EU's data protection directive and various local legislation like the DPA
don't have an issue with the cloud, but are quite stringent on the fact that
the data doesn't leave the EU so you are restricted to EU data centers.

Google and Microsoft have services for EU customers that more or less ensure
that the data never leaves an EU data center (MSFT guarantees it, google
slightly less so) and as far as infrastructure goes most if not all PAAS/IAAS
providers have a European data centers. [https://aws.amazon.com/compliance/eu-
data-protection/](https://aws.amazon.com/compliance/eu-data-protection/)

I know for a fact that at the least British, German, Dutch and Italian
companies and governmental organizations even in heavily regulated industries
like health care and defense use both Azure and AWS for both corporate IT and
production (and if we count less regulated verticals such as banking,
financial services, and telco then everyone and their mother within the EU
uses Azure, AWS, and many other cloud platforms).
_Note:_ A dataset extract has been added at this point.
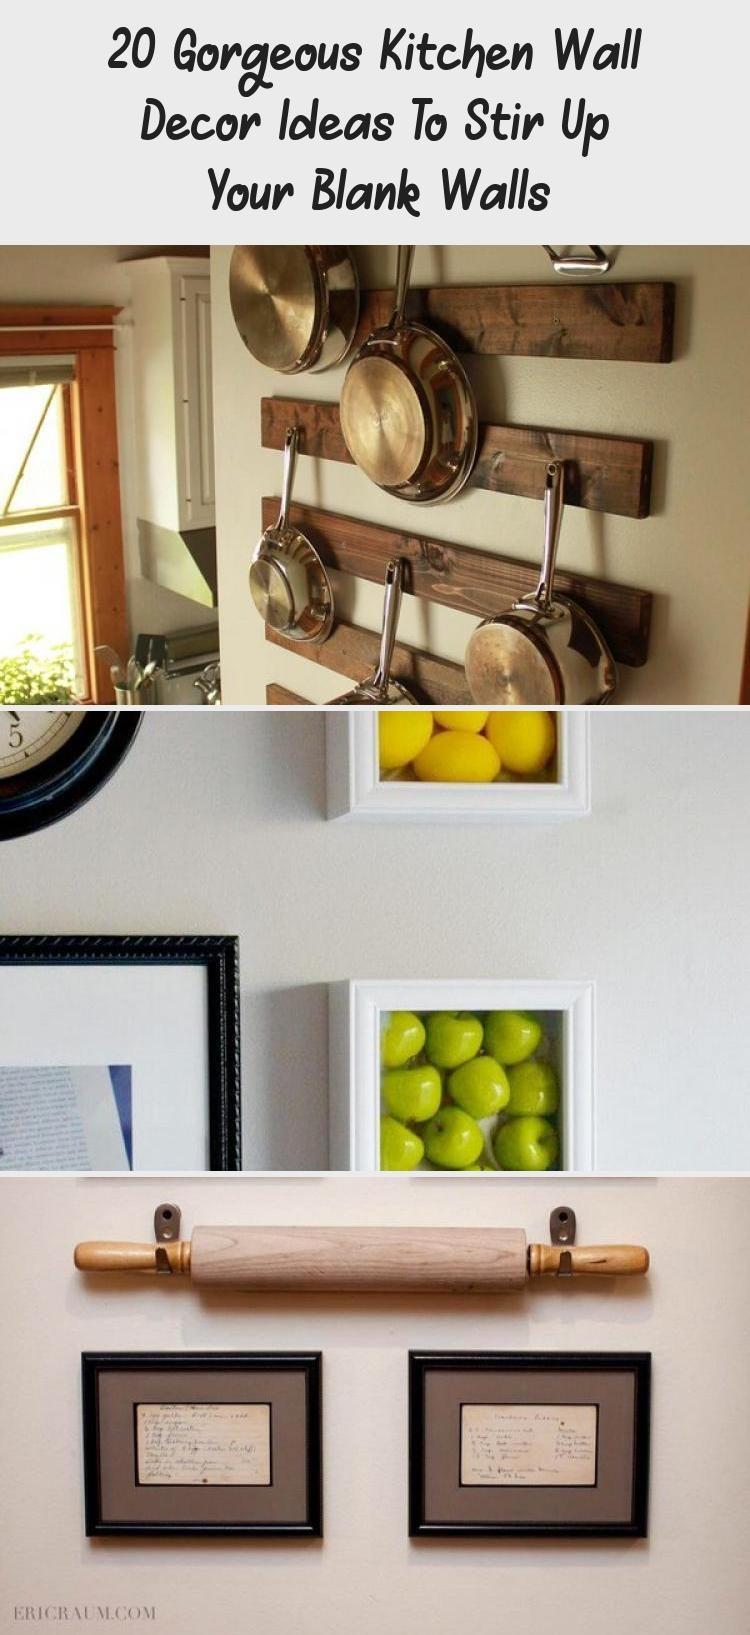 20 Gorgeous Kitchen Wall Decor Ideas To Stir Up Your Blank Walls Decoration Kitchens

So no while there is some issues with some US companies and services in
regards to privacy especially around the safe harbor rulings there isn't any
global or even meaningful resistance to the use of US services providers and
software.

P.S. Also the fact that you use Lotus Notes and Office 2013 also has very
little to do with US phobia, you could've used Exchange just as well, and
office 2015 just came out and very few organizations have actually migrated to
it.

P.S. 2 You've likely already broken your NDA by admitting you signed one or
that one exists, as the existence of an NDA is the first thing that is by it.
Not to mention that while you didn't gave any technical detail the fact that
you've mentioned the restrictions your company and or organization is under is
also most likely a breach of any potential NDA as well as organizational opsec
protocols.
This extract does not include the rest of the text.